Song by the Misfits

from the album Static Age
- A-side: "Bullet"; "We Are 138";
- Released: June 1978
- Recorded: January–February 1978
- Venue: C.I., New York City
- Genre: Punk rock; horror punk;
- Length: 1:32
- Label: Caroline
- Songwriter(s): Glenn Danzig
- Producer(s): Dave Achelis; Tom Bejgrowicz;

Audio sample
- "Attitude"file; help;

= Attitude (Misfits song) =

"Attitude" is a song by the American punk rock band Misfits. Written by frontman and vocalist Glenn Danzig, the song was recorded and first released in 1978 on the B-side of the band's single "Bullet". It was also included on the Misfits' 1980 EP Beware, as well as on the 1995 compilation album Collection II. "Attitude" was originally intended to be included on the band's proposed debut album Static Age, and it remained included when the album was eventually released in its entirety in 1996.

==Recording and release==
"Attitude" was originally recorded by the Misfits in January–February 1978 for their proposed debut album Static Age, which would not be released in its entirety until 1996. The song was recorded in C.I. Studios in New York City. It was first released as part of the band's single "Bullet" in 1978, and would later be included on their 1980 EP Beware, which combined tracks from the previously released "Bullet" and "Horror Business" singles. It also appears on the 1995 compilation album Collection II. In 1996, Static Age was officially released for the first time, as part of the boxed set The Misfits. "Attitude" was included among the Static Age tracks in the boxed set, and it would also be included on the 1997 standalone release of Static Age.

==Critical reception==
Eduardo Rivadavia of Ultimate Classic Rock ranked the song No. 1 on his list of the 10 best Misfits songs, calling it "astonishing". Dan Ozzi of Diffuser.fm ranked the song No. 8 on his list of the 10 best Misfits songs, writing that "Like most Misfits songs, 'Attitude' doesn't even top two minutes, and really, there's not much to it. Danzig's message is pretty simple: Keep acting like an a—hole, and I'm gonna knock you out."

Rob Kemp of Time Out has noted a reputation of "Attitude", among other Misfits songs, as being "antiestablishment" in nature.

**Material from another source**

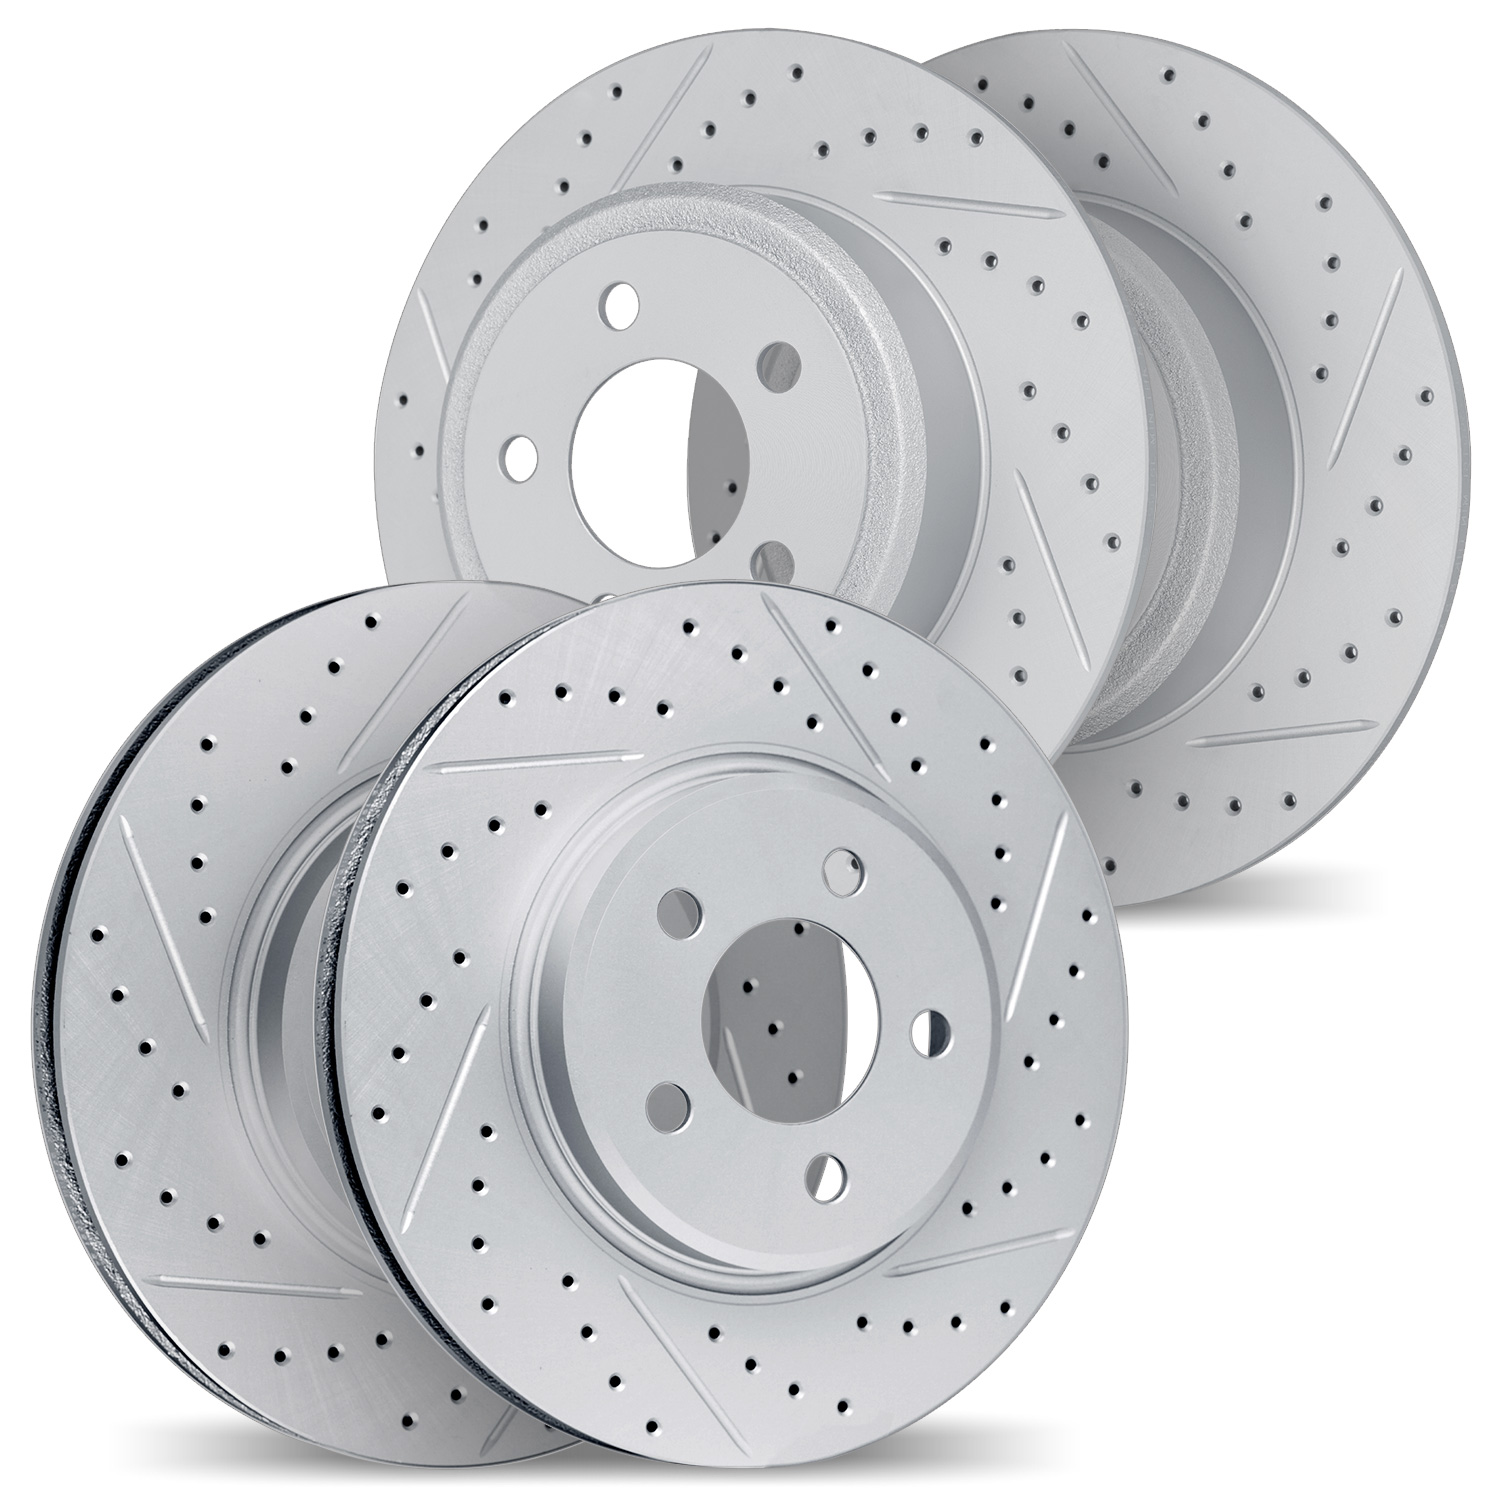 2004-67007 Geoperformance Drilled/Slotted Brake Rotors, 1994-1999 Infiniti/Nissan, Position: Front and Rear
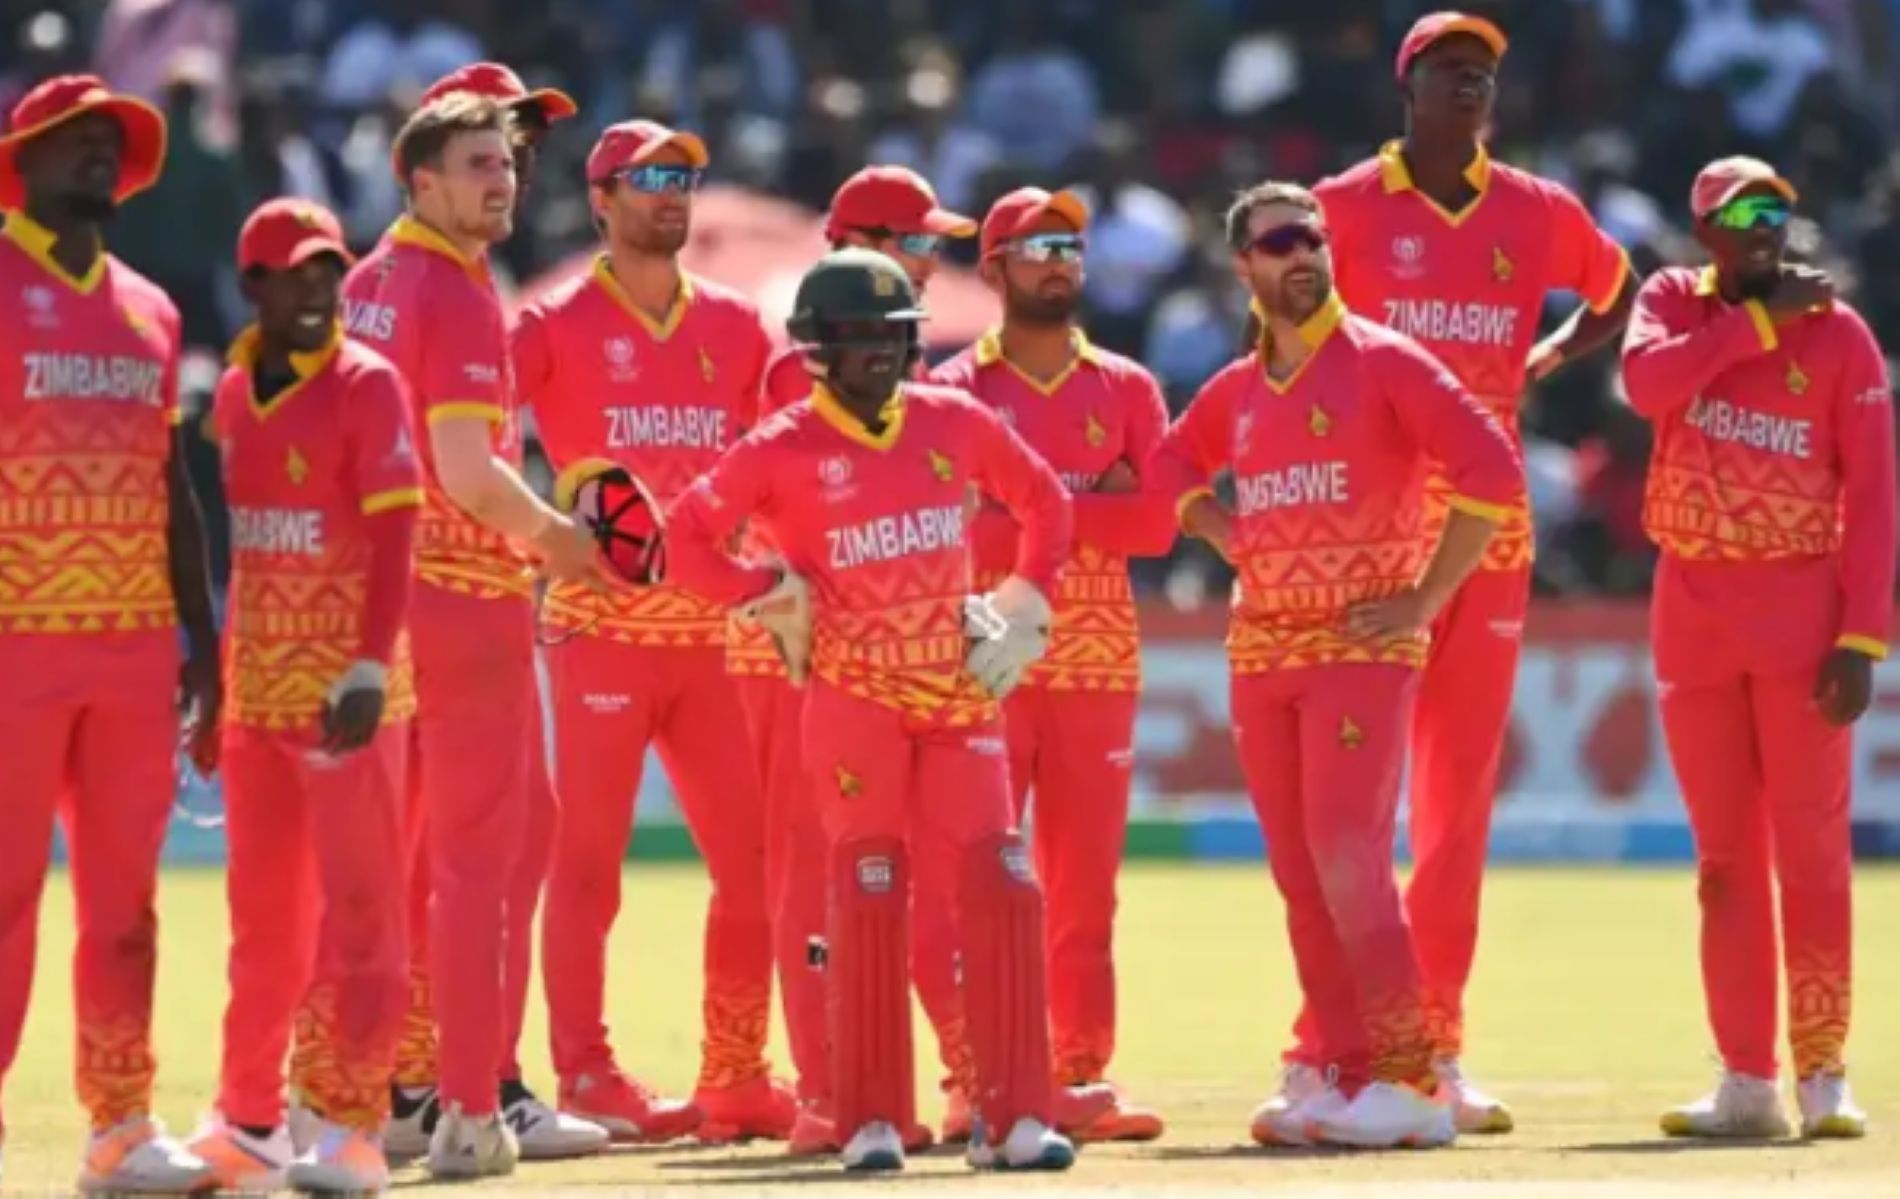 Zimbabwe suffered their second loss in three games

In his book This Music Leaves Stains: The Complete Story of the Misfits, author James Greene, Jr., in speaking of Guns N' Roses' cover of "Attitude" from their 1993 album "The Spaghetti Incident?", called "Attitude" a song that, "more than any other Danzig work, seemed to provide the blueprint for both GNR's adrenaline-heavy sound and Axl Rose's temperamental stage persona".

==Personnel==

The Misfits
- Glenn Danzig – vocals
- Jerry Only – bass
- Franché Coma – guitar
- Mr. Jim – drums

Production
- Dave Achelis – engineer
- Tom Bejgrowicz – producer

==Cover versions==
In 1993, Guns N' Roses covered "Attitude" for their album "The Spaghetti Incident?", with bassist Duff McKagan on vocals. "I couldn't say the Misfits were one of my all-around favourite bands," admitted GNR guitarist Slash. "But they did have a couple of great songs – like 'Attitude'."

The song has also been covered by the Crimson Ghosts, Endpoint, the Slackers, the Slow Break, Sum 41, and Winds of Plague. Additionally, the Nutley Brass recorded an instrumental lounge cover of the song, which was included on their 2005 Misfits tribute album Fiend Club Lounge.
Dutch band Skroetbalg recorded a Dutch Low Saxon cover of the song, which was included on their 2021 demo.